Doch so funktioniert ein Rechtsstaat nicht.
Die Idee des Rechtsstaates beruht darauf, dass sich alle an die selben Gesetze halten und die auch entsprechen durchgesetzt werden. Natürlich gibt es Grenzen: Die Polizei kann nicht jeden Rotlichtverstoß ahnden, aber sie hat Aktionstage, an denen sie es tut. Tut sie es bei dem einen und beim anderen nicht, herrscht Willkür. Heiko Maas will keine Willkür, sondern ein magisches Sesam-Öffne-Dich für die Ermittler.
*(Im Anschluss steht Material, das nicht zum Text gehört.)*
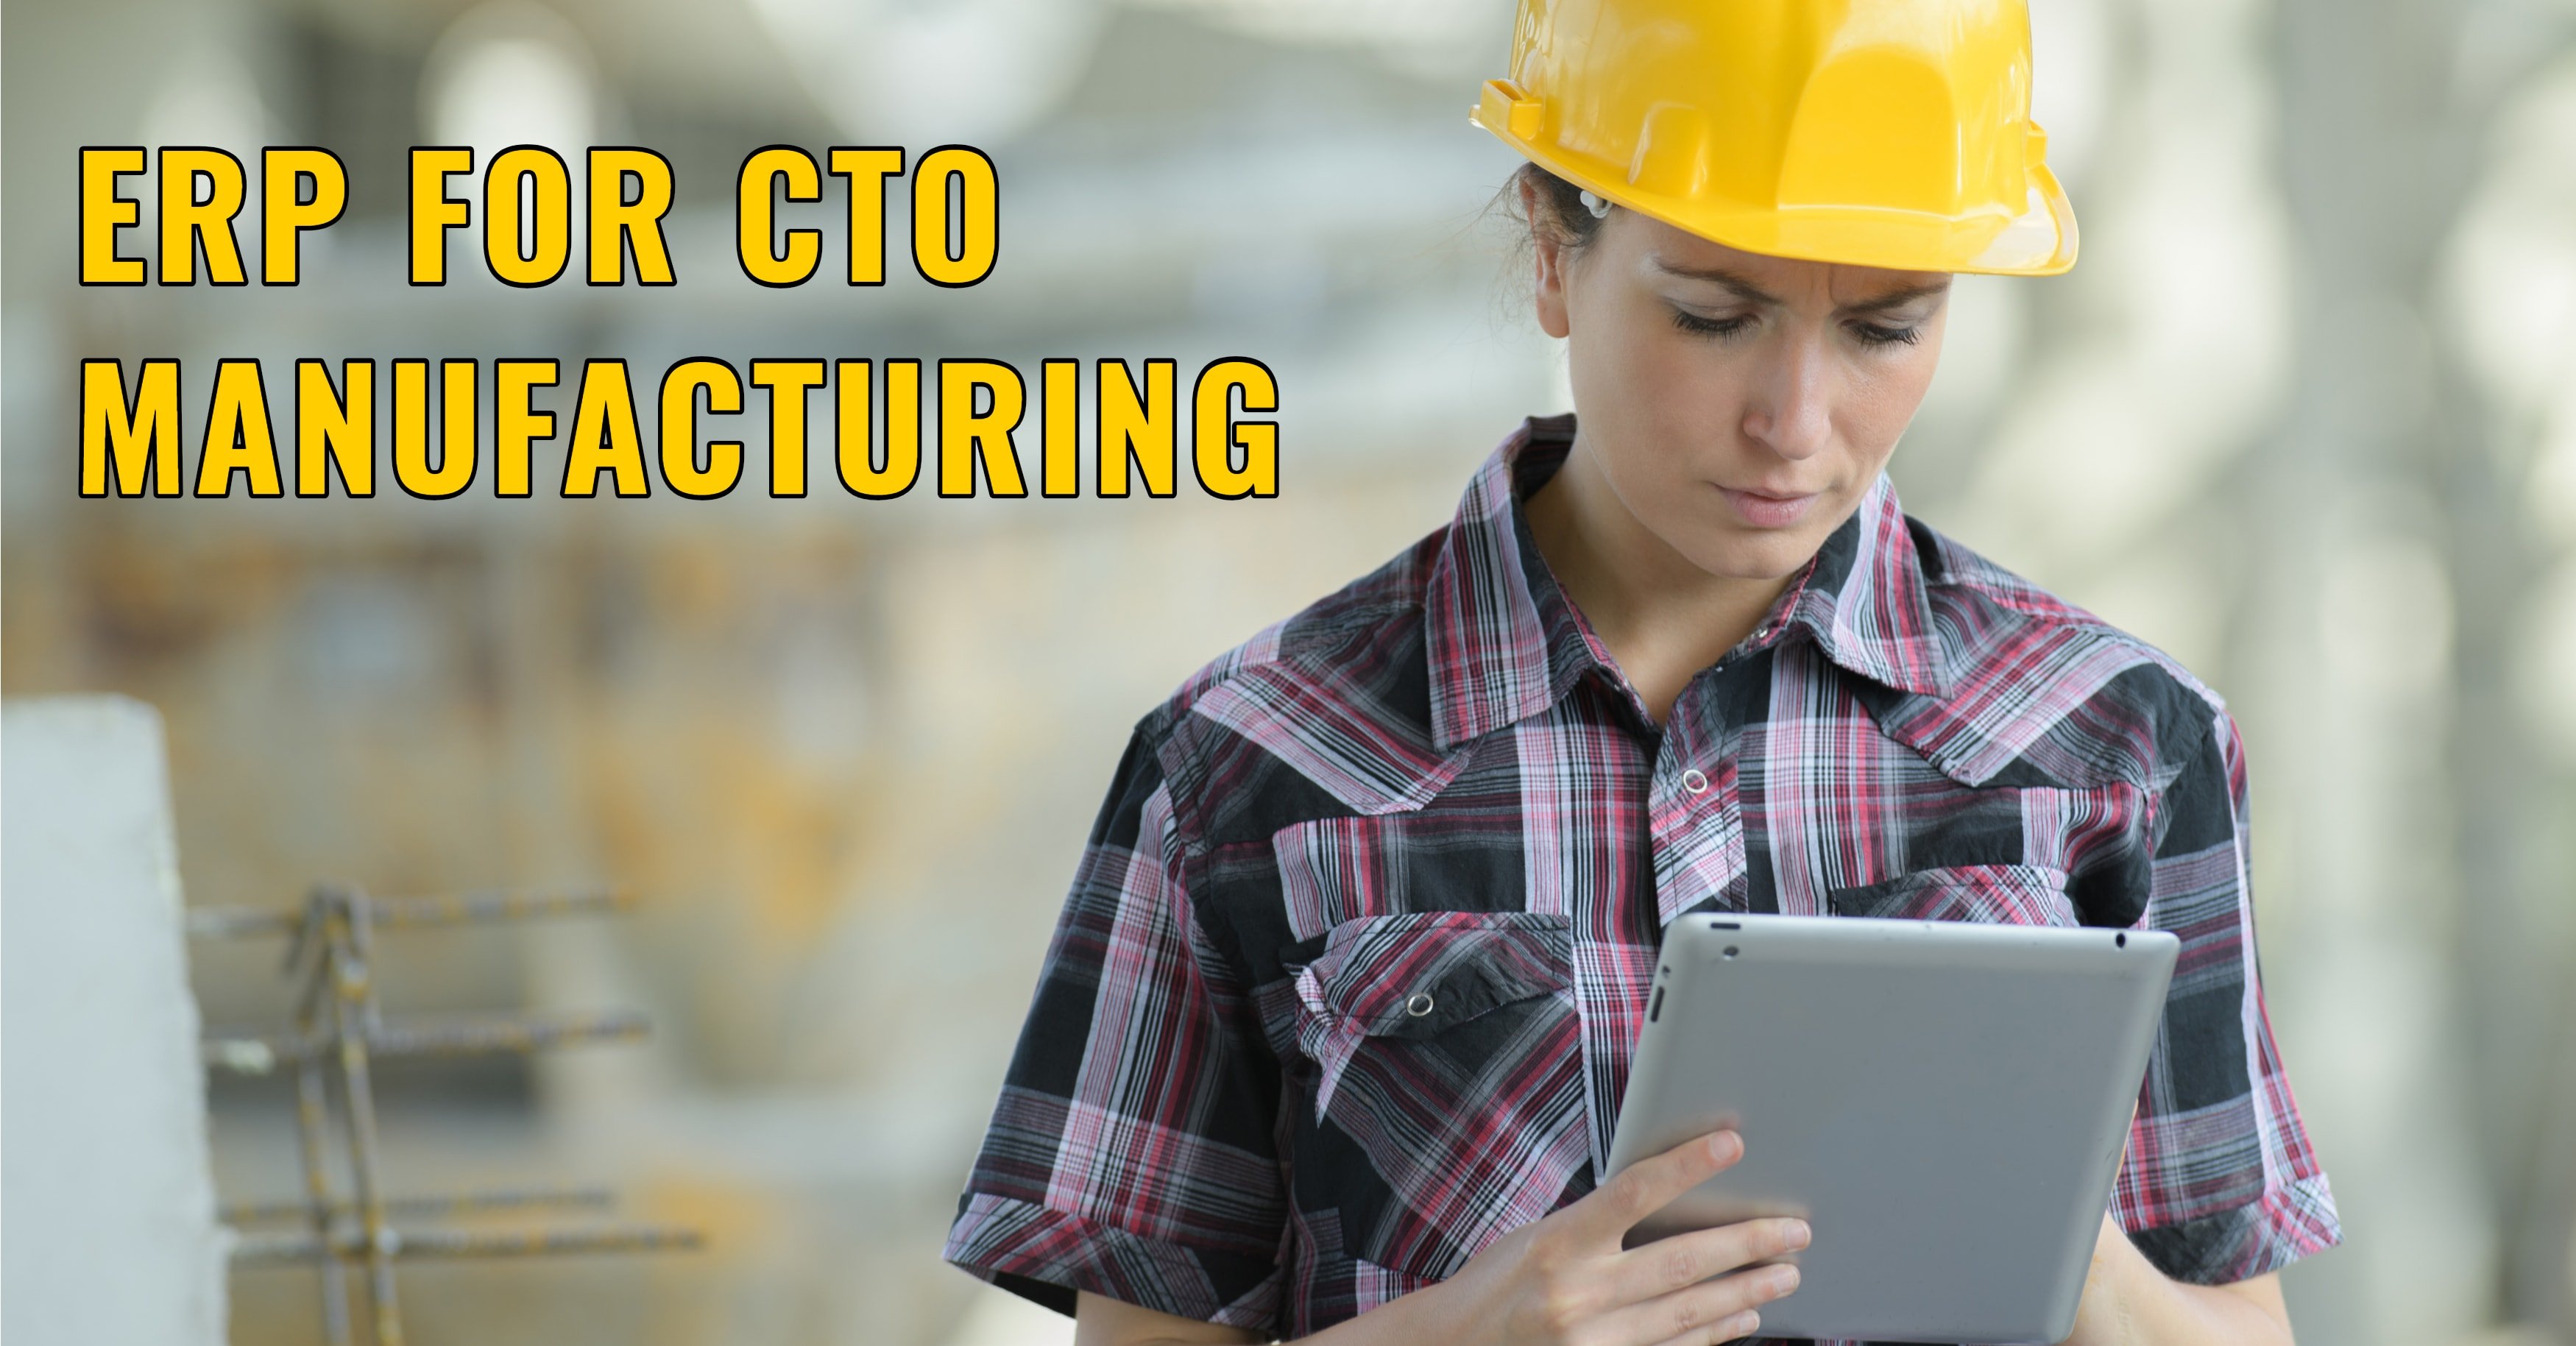 ERP CTO Manufacturing
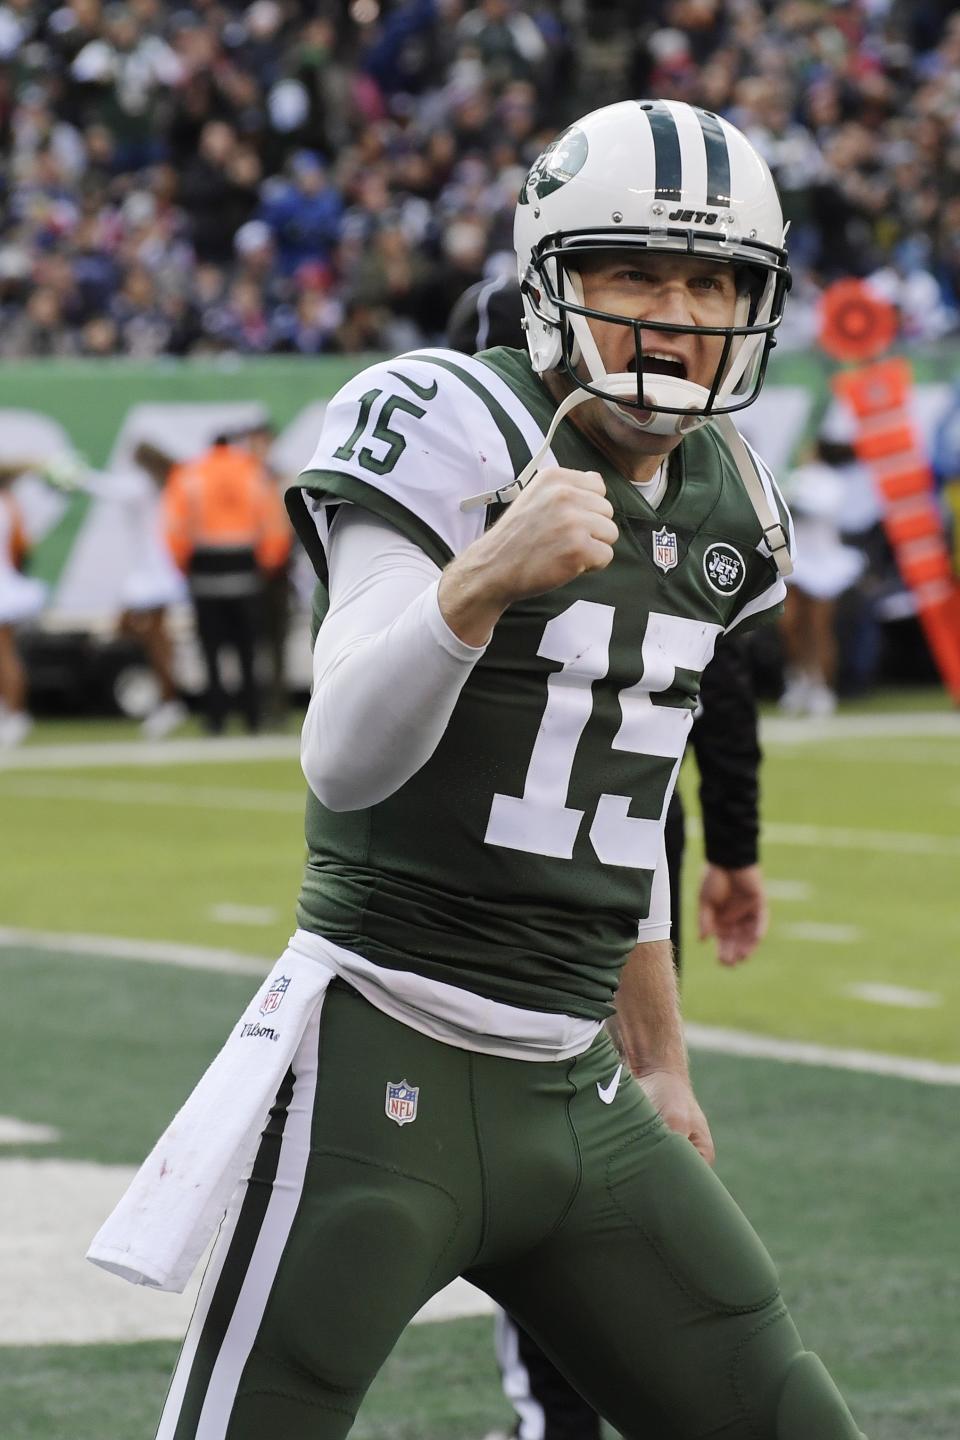 New York Jets quarterback Josh McCown (15) celebrates after throwing a touchdown pass to Jermaine Kearse during the first half of an NFL football game against the New England Patriots Sunday, Nov. 25, 2018, in East Rutherford, N.J. (AP Photo/Bill Kostroun)

Ein Beispiel ist der so genannte Hacker-Paragraph, der uns 2007 so große Sorgen machte. Es wurde befürchtet, dass die Sicherheitsforschung kriminalisiert würde. Dass man alltägliche und vernünftige Dinge nicht mehr tun dürfe, weil der Hackerparagraph so unbestimmt, so missverständlich, so dumm war. Nichts davon ist passiert. Es gibt sogar Hochschulen, die das Knacken von Systemen lehren.
Warum brauchen wir also einen Hacker-Paragraphen, der nicht mal gegen ausländische Agenten angewandt wird, die Regierungsleitungen anzapfen? Er dient zur Verunsicherung. Und ist eine Eintrittskarte in die Welt der juristischen Vorsorge: Durchsuchungsbefehle. Abhöranordnungen. Oder Disziplinarstrafen, lange bevor der Staatsanwalt eingeschaltet wird. Er ist ein Freischein, Computer zu konfiszieren und zwei Jahre in die Asservatenkammer zu stellen. Es ist kein Straftatbestand, sondern ein Ermittlungstatbestand.
Aber sorry, der Rechtsstaat kennt keine Freifahrtsscheine. Der Rechtsstaat mag niemals perfekt sein, aber wir können hier ganz gut sagen, dass dieser neue Baustein nicht passt.
(*) Einer der Beamten, mit dem ich mich nach der Konferenz auf ein Bier traf, sagte mir, er hätte meine Polizei-Akten durchstöbert. Ich lachte darüber, bis er die Vorstrafen eines anderen Anwesenden andeutete. Ein harmloser Scherz? Möglicherweise, aber seitdem vertraue ich auch wackeren Beamten nicht mehr uneingeschränkt.